JAKARTA, LINTAS – Menteri Pekerjaan Umum (PU) Dody Hanggodo memastikan kesiapan Jembatan Bailey di Desa Wlahar, Kecamatan Larangan, Kabupaten Brebes, Jawa Tengah, guna mendukung mobilisasi material dan alat berat untuk percepatan pembangunan Sekolah Rakyat (SR) Tahap II.
Peninjauan yang dilakukan pada Kamis malam (14/5/2026) ini bertujuan memastikan kondisi jembatan aman dilintasi kendaraan konstruksi berbobot besar selama proses pembangunan berlangsung.
Dody mengatakan penguatan struktur jembatan menjadi langkah penting mengingat kendaraan yang melintas merupakan kendaraan kelas berat.
“Memang benar, jembatan ini harus diperkuat karena yang akan lewat kendaraan-kendaraan kelas berat. Alhamdulillah sudah mulai diperkuat dan mudah-mudahan dalam beberapa hari sudah siap,” kata dia dari keterangan yang dikutip Jumat (15/5/2026).
Ia juga meminta pemantauan rutin terhadap kondisi struktur jembatan demi menjamin keselamatan operasional selama proyek berlangsung. Jika terjadi perubahan atau pergerakan struktur, penggunaan jembatan harus dihentikan sementara untuk perbaikan sebelum kembali difungsikan.
“Kalau ada perubahan struktur atau pergerakan struktur, di-stop dulu, diperbaiki lagi, baru kemudian dipergunakan kembali. Ini seperti yang kita kerjakan juga di Aceh dan Sumatera Utara untuk jembatan-jembatan darurat sambil menunggu pekerjaan permanennya selesai,” tuturnya.




Kapasitas 25 Ton, Dukung Mobilisasi Material
Jembatan Bailey sepanjang 90 meter dengan lebar 4 meter ini memiliki kapasitas beban hingga 25 ton.
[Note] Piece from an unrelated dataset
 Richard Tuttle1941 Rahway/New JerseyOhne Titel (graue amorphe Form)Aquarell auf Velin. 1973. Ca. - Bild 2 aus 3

Infrastruktur sementara tersebut dibangun melalui kolaborasi Balai Besar Pelaksanaan Jalan Nasional (BBPJN) Jawa Tengah–DI Yogyakarta bersama Direktorat Jenderal Prasarana Strategis.
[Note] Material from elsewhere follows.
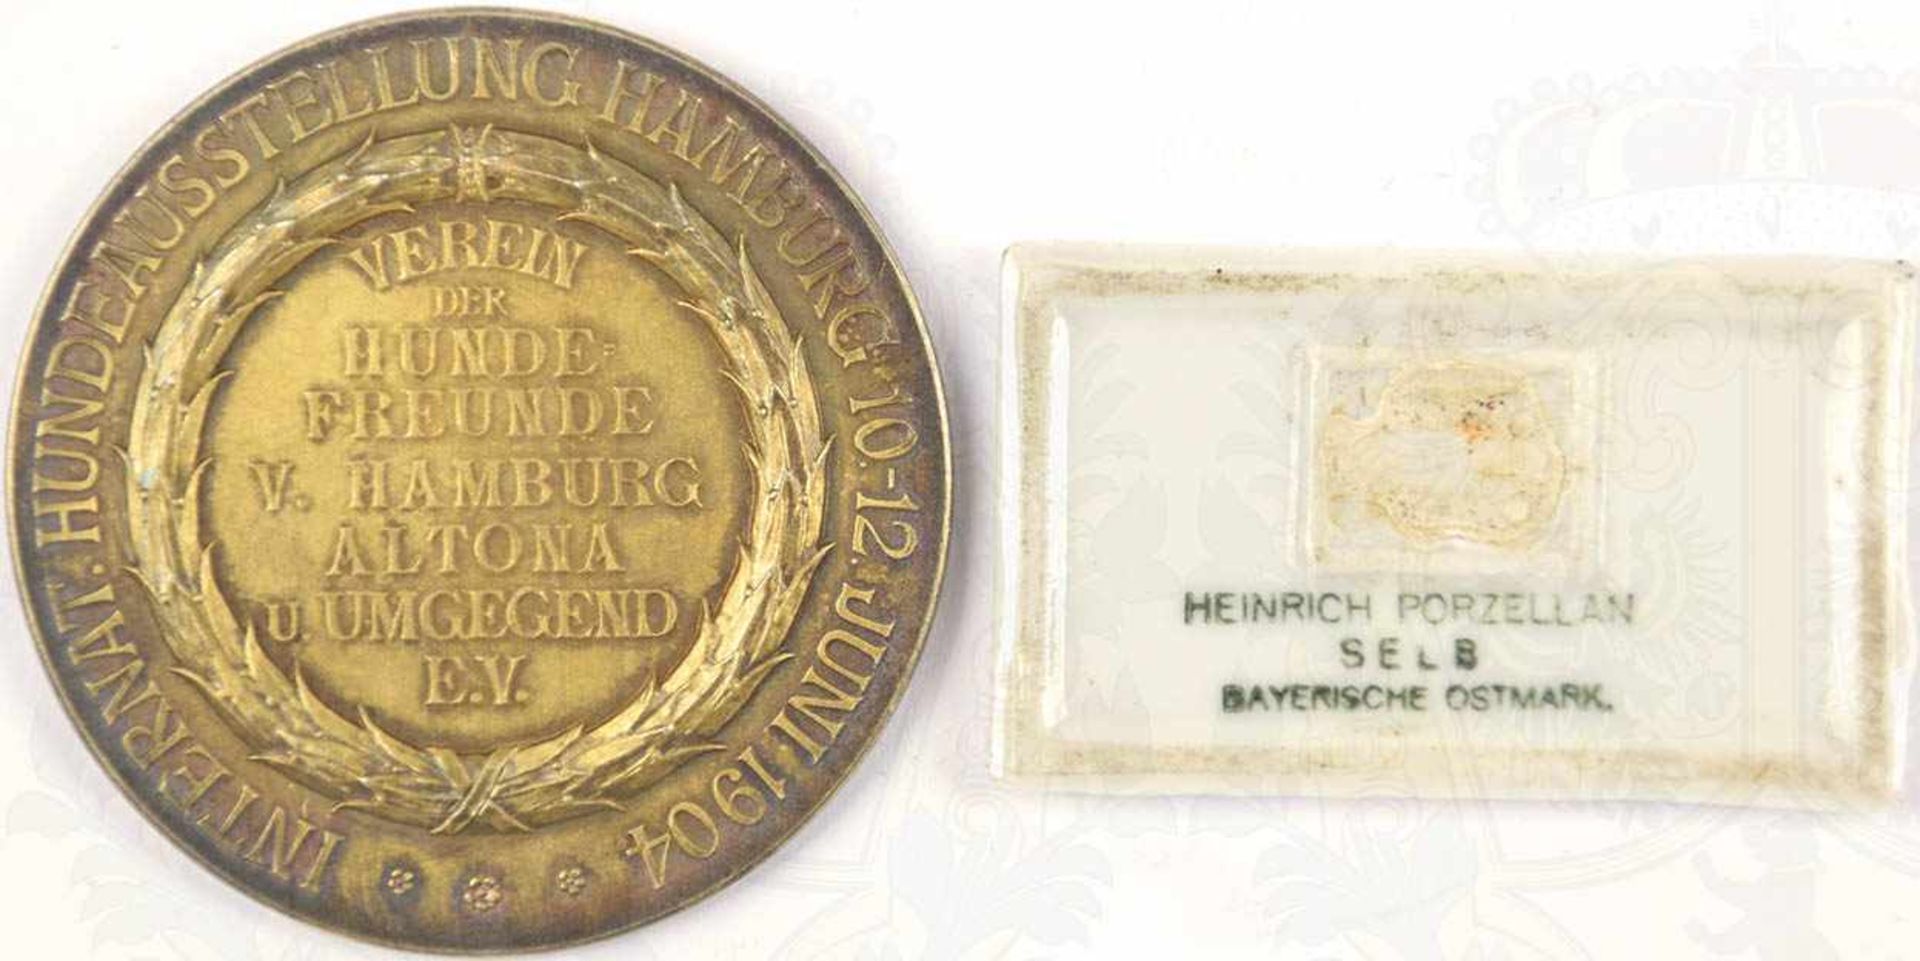 KONVOLUT HANSESTADT HAMBURG, Medaille Verein f. Hundefreunde Hbg.-Internat. Hundeausstellung 1904, - Bild 2 aus 2

Keberadaan jembatan ini sangat krusial untuk mendukung mobilisasi lebih dari 2.000 ton struktur rangka baja serta lalu lintas truk mixer untuk pekerjaan pengecoran di lokasi proyek.
Target Rampung Juni 2026
Dody menambahkan percepatan pembangunan Sekolah Rakyat menjadi fokus seluruh unit organisasi di lingkungan Kementerian PU sebagai bagian dari dukungan terhadap program prioritas pemerintah di bidang pendidikan.
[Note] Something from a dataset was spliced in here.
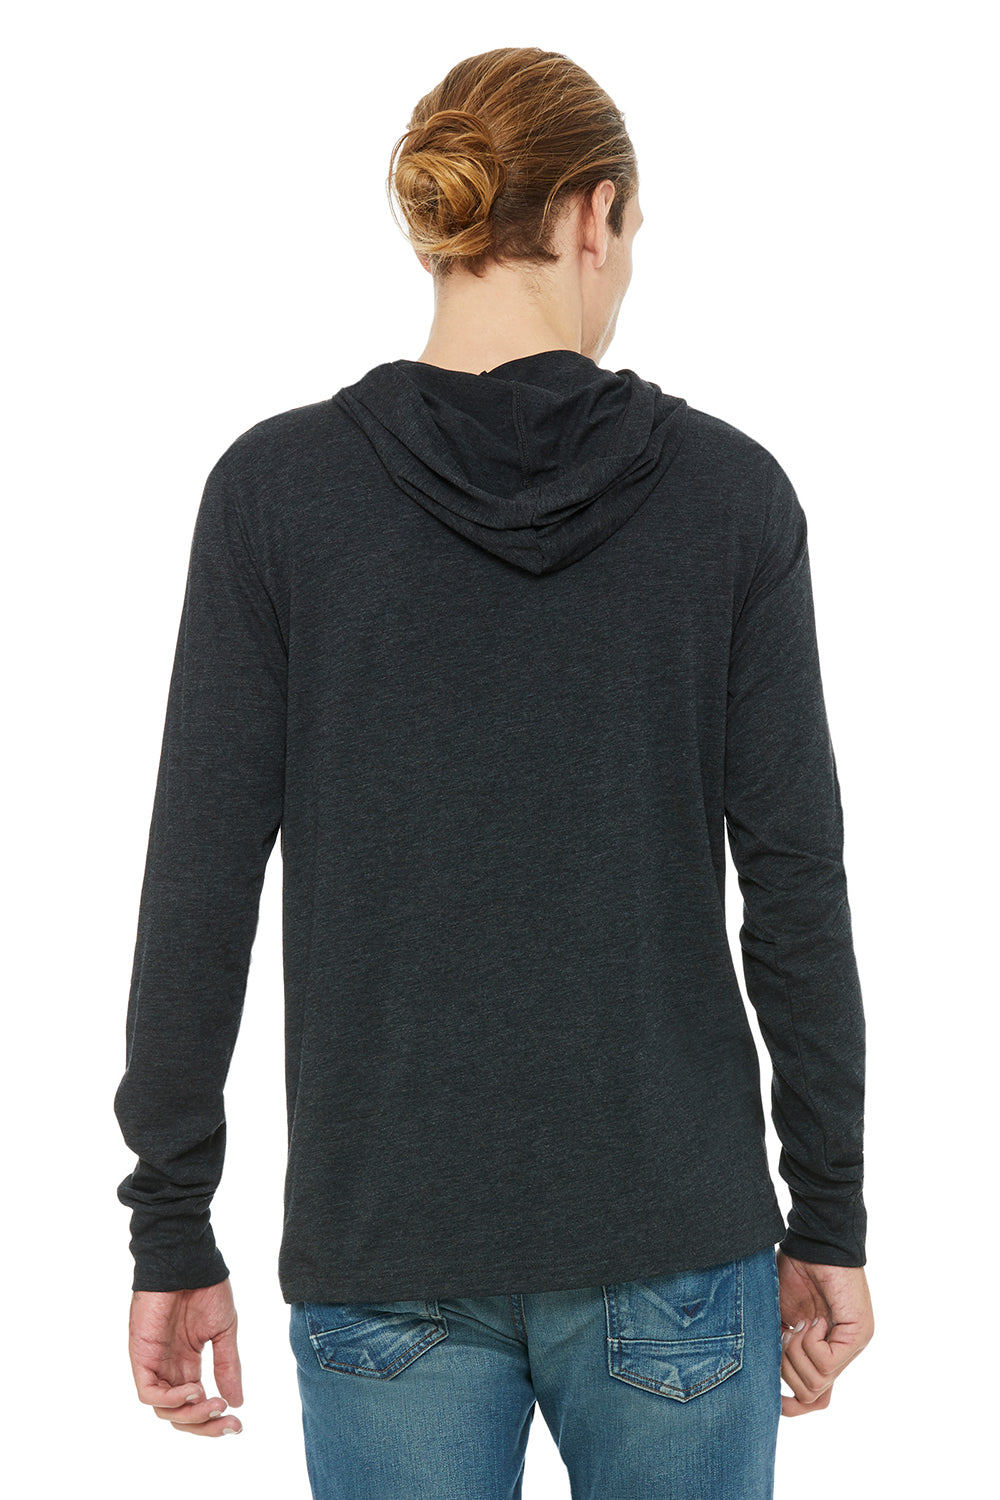 Bella + Canvas BC3512/3512 Mens Jersey Long Sleeve Hooded T-Shirt Hoodie Charcoal Black Model Back

“Dengan penguatan jembatan ini, progres Sekolah Rakyat di Brebes bisa kembali kita kejar dan tetap selesai sesuai target Juni,” tegasnya.
Pembangunan Sekolah Rakyat Kabupaten Brebes menggunakan APBN Tahun Anggaran 2025–2026 dengan nilai kontrak Rp 244,69 miliar. Proyek ini mencakup pembangunan kawasan pendidikan terpadu seluas 27.372 meter persegi, yang meliputi gedung SD, SMP, SMA, asrama siswa, rumah susun guru, kantin, masjid, ruang serbaguna, serta sarana olahraga. (CHI)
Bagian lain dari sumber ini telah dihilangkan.